We route that step through an AI gateway so a provider hiccup fails over to a backup instead of blocking. We use Bifrost for this, though several gateways do automatic fallback. It's one box in the pipeline diagram, not the interesting one, but it kept the prompt-rewrite step from becoming a single point of failure once compile fixed the UNet side.

Trade-offs and Limitations

Bucketing wastes compute on padding. An 800x600 image padded to 1024 pushes roughly 60% extra pixels through the VAE decode. For us that's worth a stable p99. For a catalog that's all square crops, it'd be pure overhead, and dynamic=True would be the saner call.

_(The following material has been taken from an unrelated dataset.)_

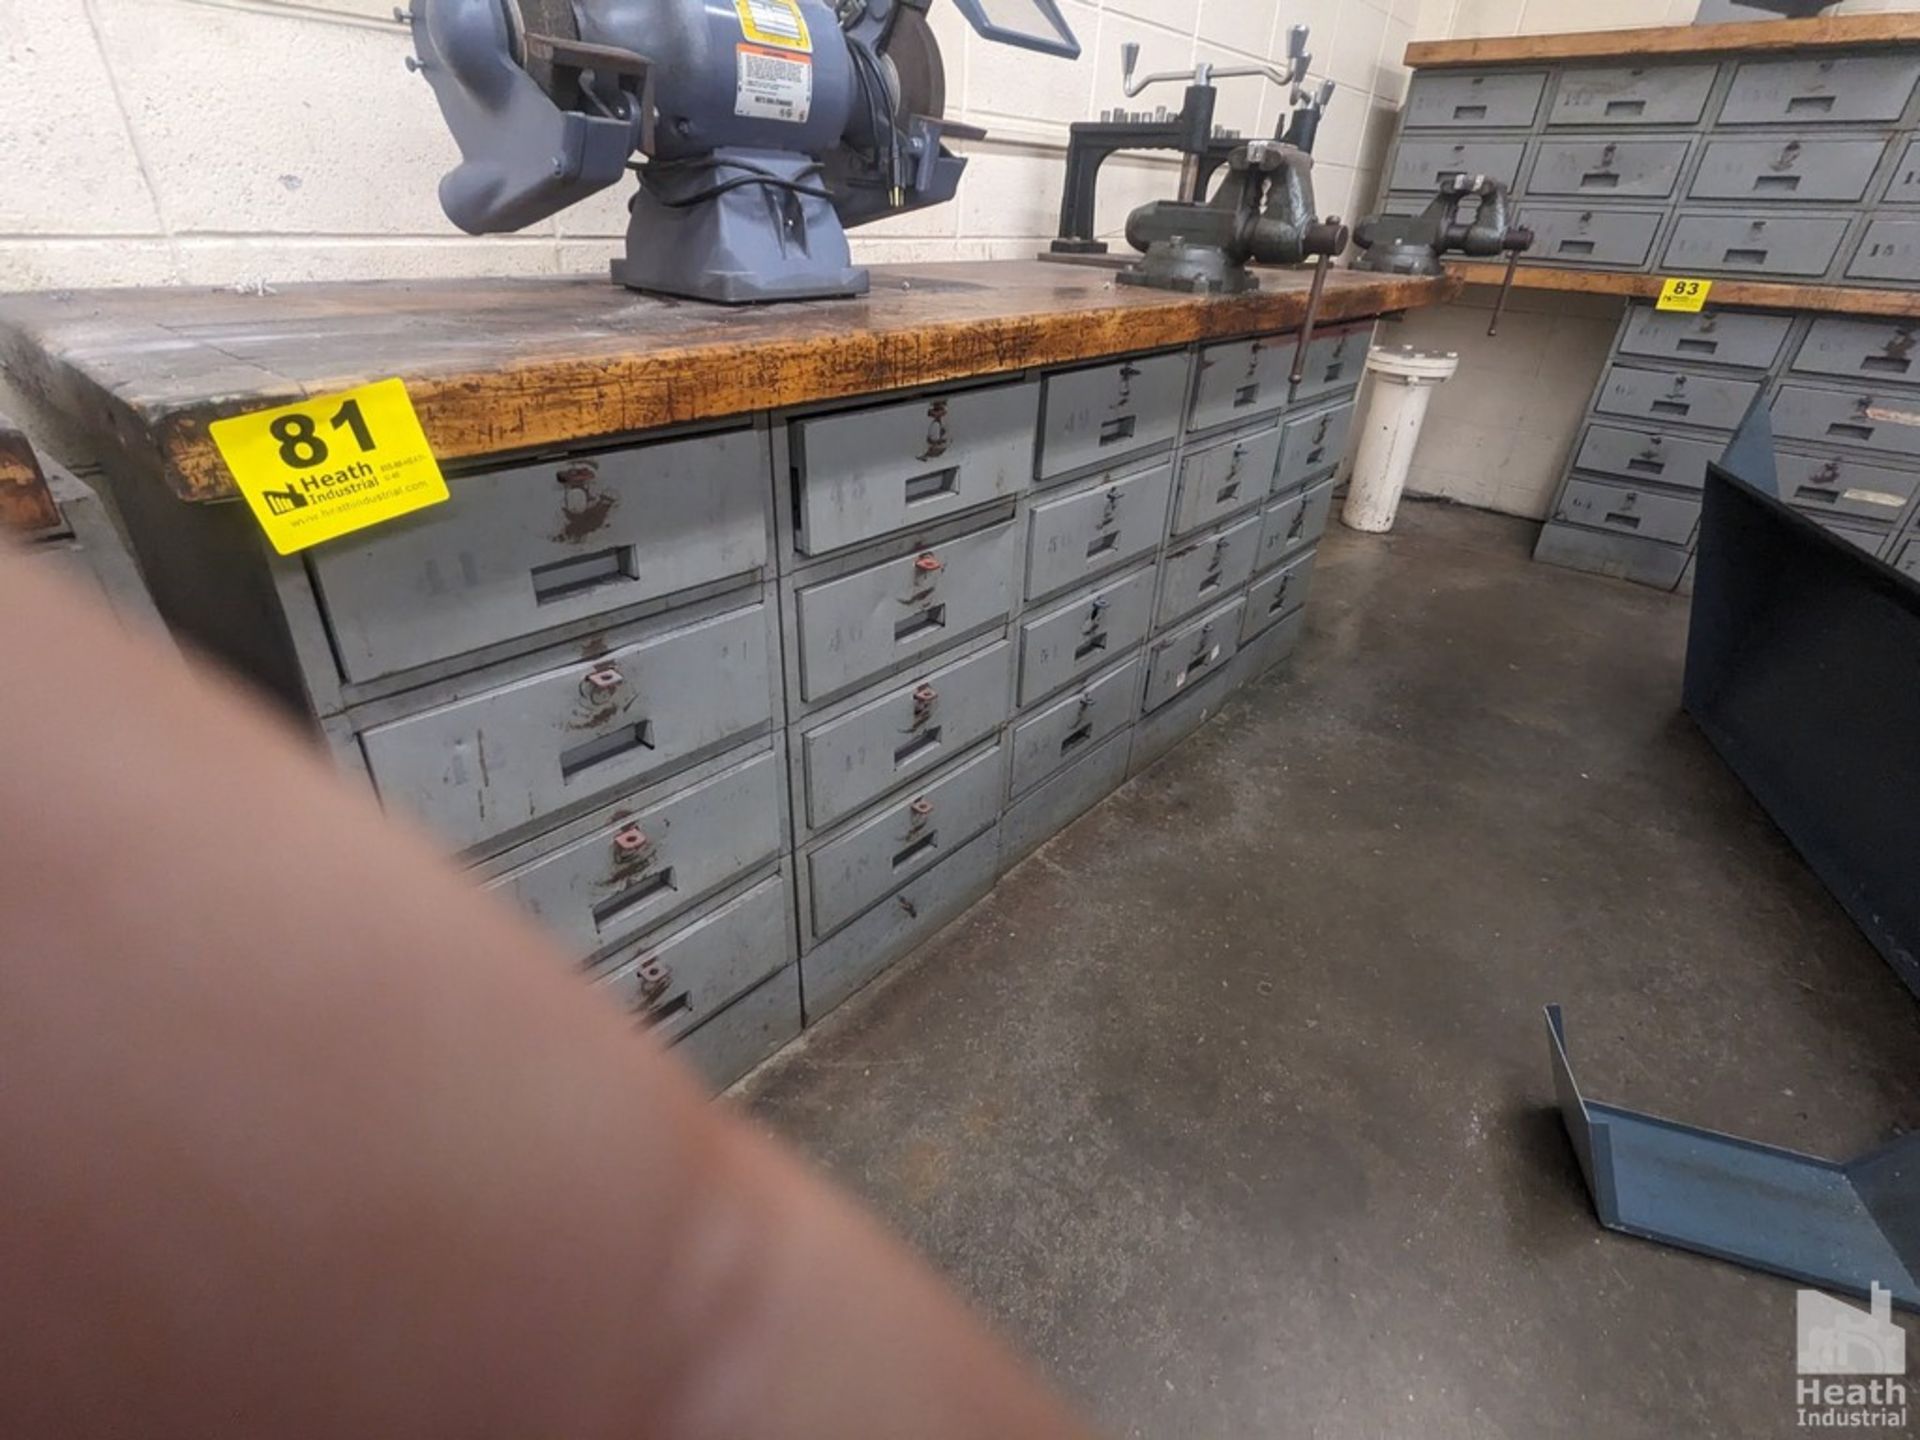 CABINET BASED WORKBENCH WITH DRAWERS AND TWO 4" BULLET STYLE VISES 8' X 2' Loading Fee :$75

Warmup adds about 4 minutes to pod startup. Our Kubernetes readinessProbe has initialDelaySeconds set to wait it out, which slows autoscaling response during traffic spikes. You feel this when a flash sale hits.

The Inductor compile cache is per-process by default. Every new pod recompiles from scratch. You can point TORCHINDUCTOR_CACHE_DIR at a shared volume to persist it, but the cache is keyed loosely on environment, and a mismatched CUDA driver version across nodes gave us a silent fallback to eager once. Test that path before you trust it.

And none of this helps if your bottleneck is the VAE or the scheduler loop. Profile first. I burned two days compiling a UNet that was already 40% of wall-clock.